Program Name The Impact of Different Safety Equipment Modalities on Reducing Correctional Officer Injuries
FY 2012 Funding $400,000
OJP Sponsor NIJ
Web Link www.nij.gov/funding/welcome.htm
Program Contact Jack Harne, (202) 616-2911, Jack.Harne@usdoj.gov
Program Description
With this solicitation, NIJ seeks proposals to conduct comparative evaluations of safety equipment modalities: policies and practices among correctional agencies regarding what safety equipment staff may use, when and how staff use it, and how those modalities affect officers’ physical safety. This solicitation defines safety equipment as equipment used by correctional officers to de-escalate and stop violent and disruptive activities by inmates and to protect officers from assaults.

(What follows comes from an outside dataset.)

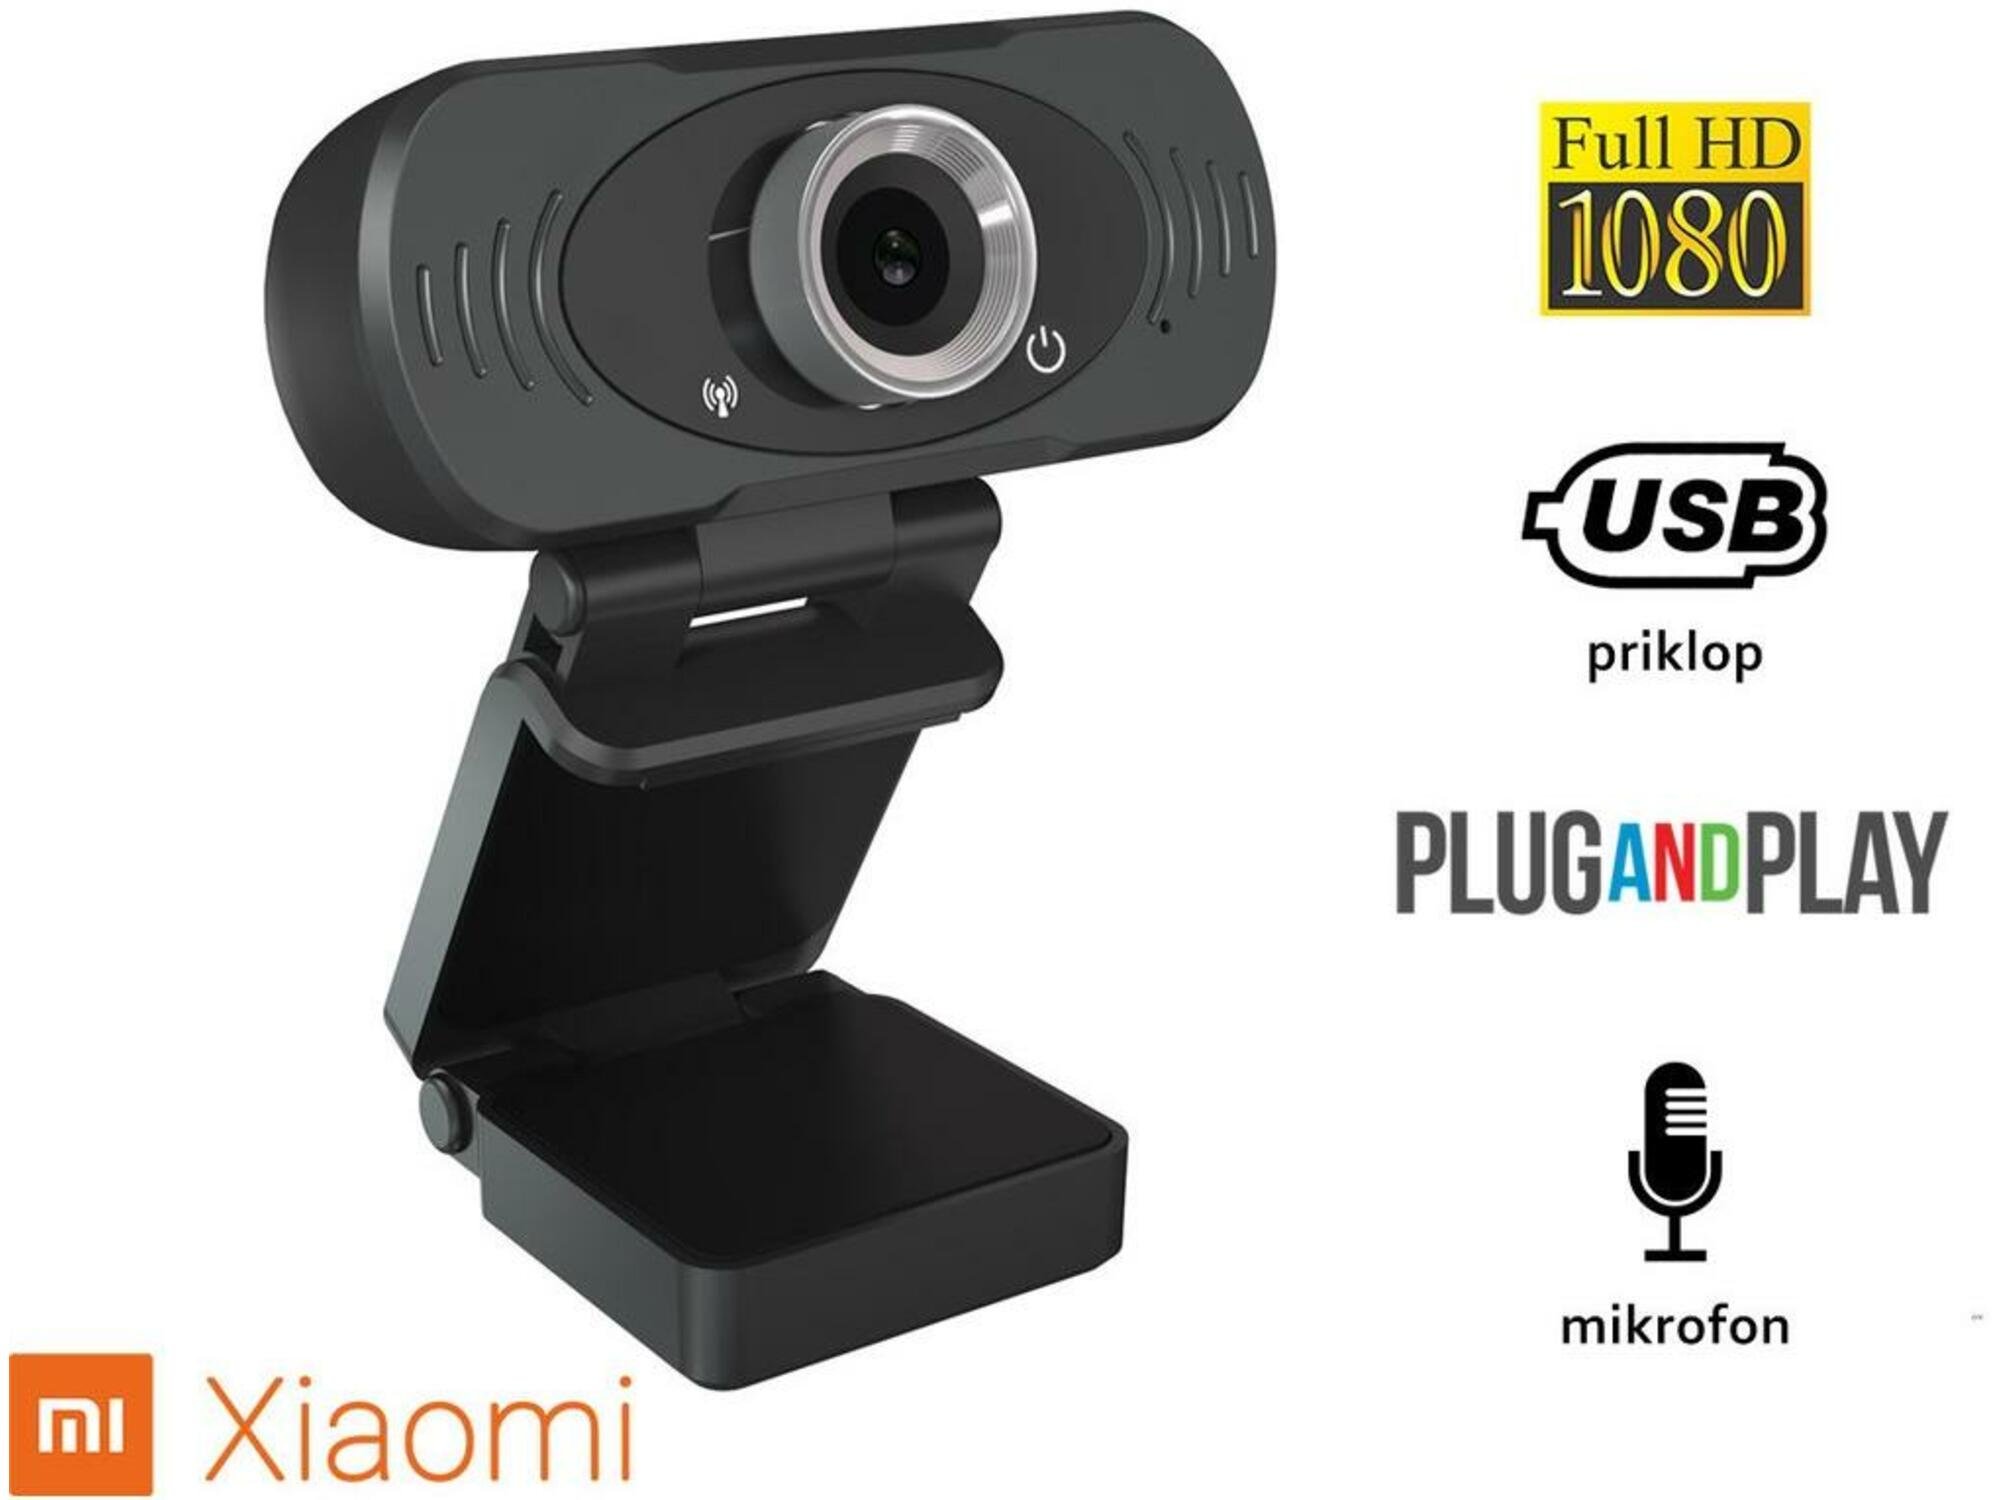 XIAOMI spletna kamera  IMILAB, model W88, USB2.0, 1080p Full HD

Program Name Evaluability Assessment of Law Enforcement Agencies Using the Data-Driven Approaches to Crime and Traffic Safety
FY 2012 Funding $300,000 (from Department of Transportation)
OJP Sponsor NIJ
Web Link www.nij.gov/nij/funding/forthcoming.htm
Program Contact Brett Chapman, (202) 514-2187, Brett.Chapman@usdoj.gov, Joel Hunt, 202-616-8111, Joel.Hunt@usdoj.gov, or Eric D. Martin, (202) 514-9588, Eric.D.Martin@usdoj.gov
Program Description
NIJ, through an Interagency Agreement with the National Highway Traffic Safety Administration (NHTSA) is interested in determining the feasibility of conducting a rigorous evaluation of the DDACTS process. NIJ seeks to fund an evaluability assessment of up to 15 law enforcement agencies currently employing the DDACTS model. Approximately 250 law enforcement agencies have been encouraged to adopt the guiding principles of the DDACTS model in their law enforcement strategies.

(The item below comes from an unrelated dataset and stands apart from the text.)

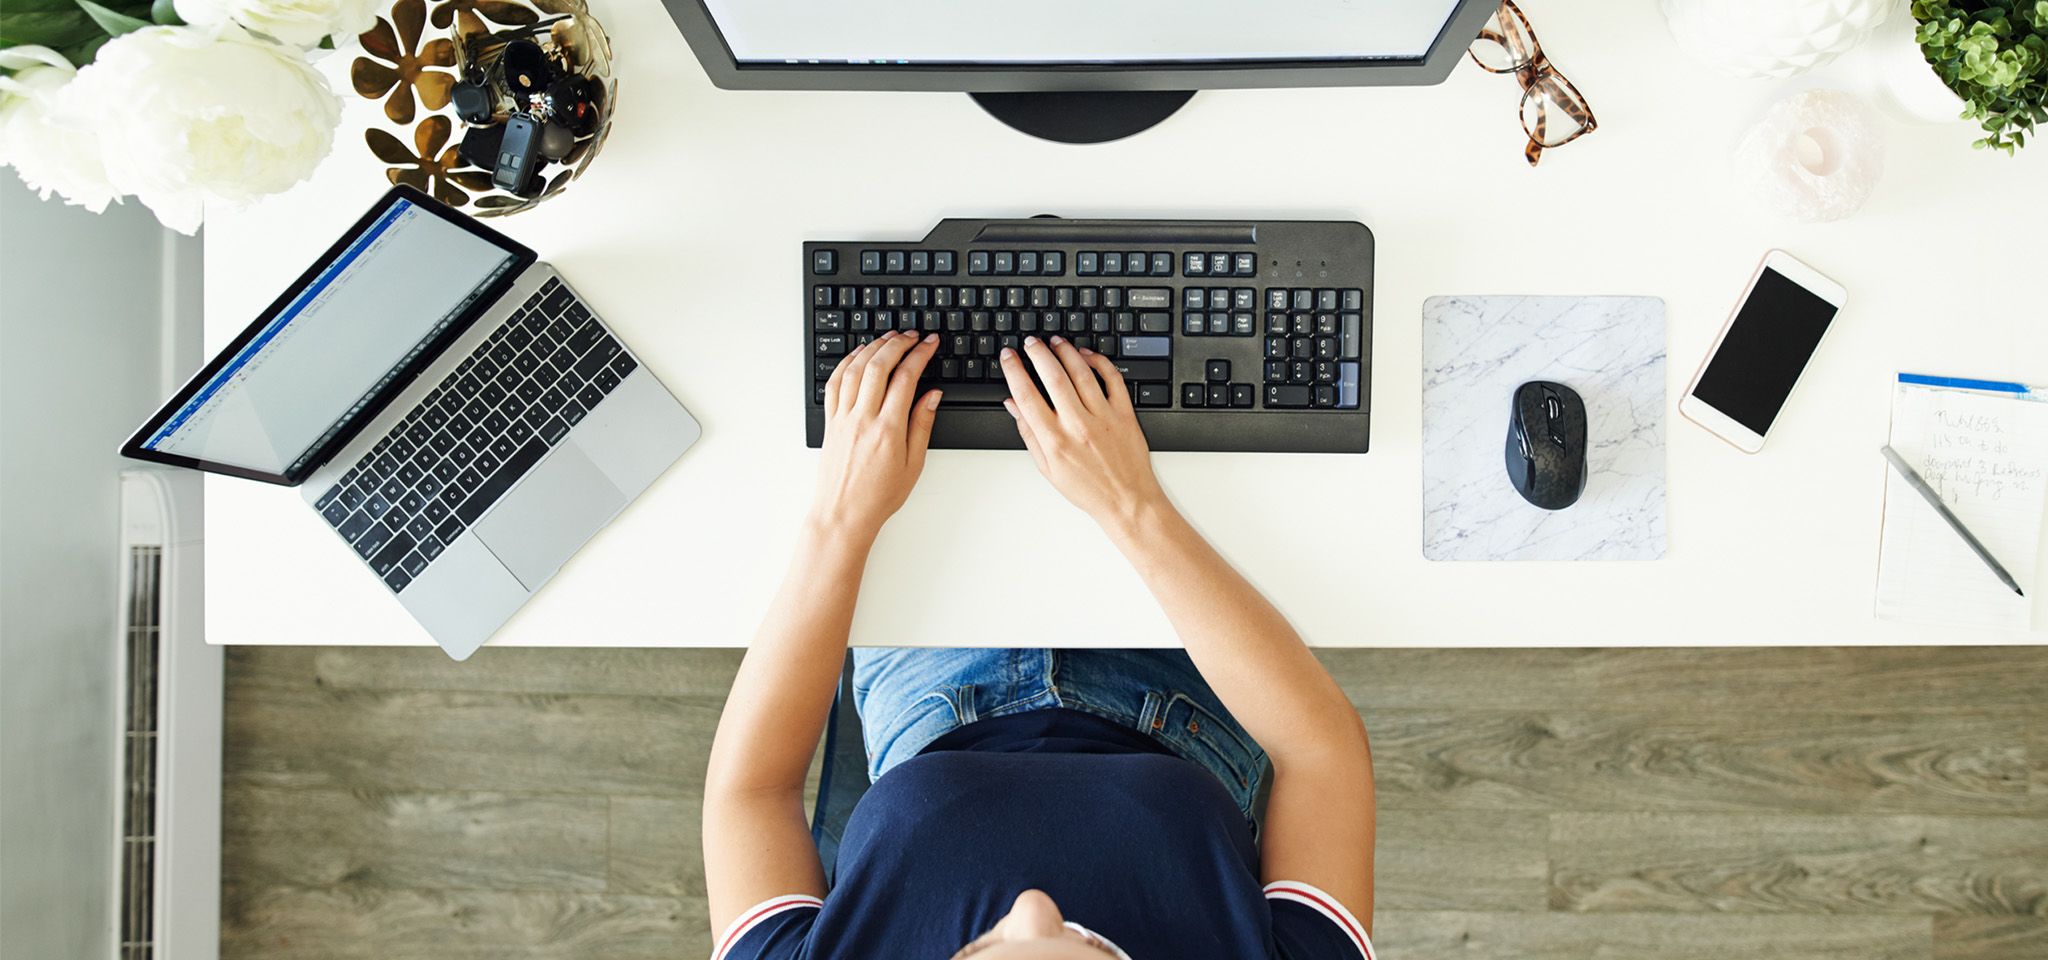 Üzerinde bir monitör, dizüstü bilgisayar, fare ve cep telefonu bulunan bir masada klavyede çalışan bir kişinin ellerinin üstten görünümü

Program Name Research and Evaluation on Metropolitan Crime
FY 2012 Funding $750,000
OJP Sponsor NIJ
Web Link www.nij.gov/nij/funding/forthcoming.htm
Program Contact Brett Chapman, (202) 514-2187, Brett.Chapman@usdoj.gov, Joel Hunt, 202-616-8111, Joel.Hunt@usdoj.gov, or Eric D. Martin, (202) 514-9588, Eric.D.Martin@usdoj.gov
Program Description
NIJ is interested in funding criminal justice research that leverages municipal operation datasets both within and across jurisdictions. NIJ is interested in the feasibility of combining multiple datasets from various agencies to conduct research on criminal justice issues in urban and suburban environments. This research is critical in enhancing public safety by giving law enforcement the tools to understand the changing nature of crime in metropolitan areas.

Program Name: "NIJ Body Armor Challenge"
FY2012 Funding: $100,000
OJP Sponsor NIJ
Web Link www.nij.gov
Program Contact Mark Greene, (202) 307-3384, mark.greene@ojp.usdoj.gov
Program Description
NIJ seeks viable solutions to determine the ballistic performance of individual in-service body armor at any point in time to a high degree of accuracy, and in a manner that does not render the armor unfit for continued use. To be released as a technology challenge on www.challenge.gov.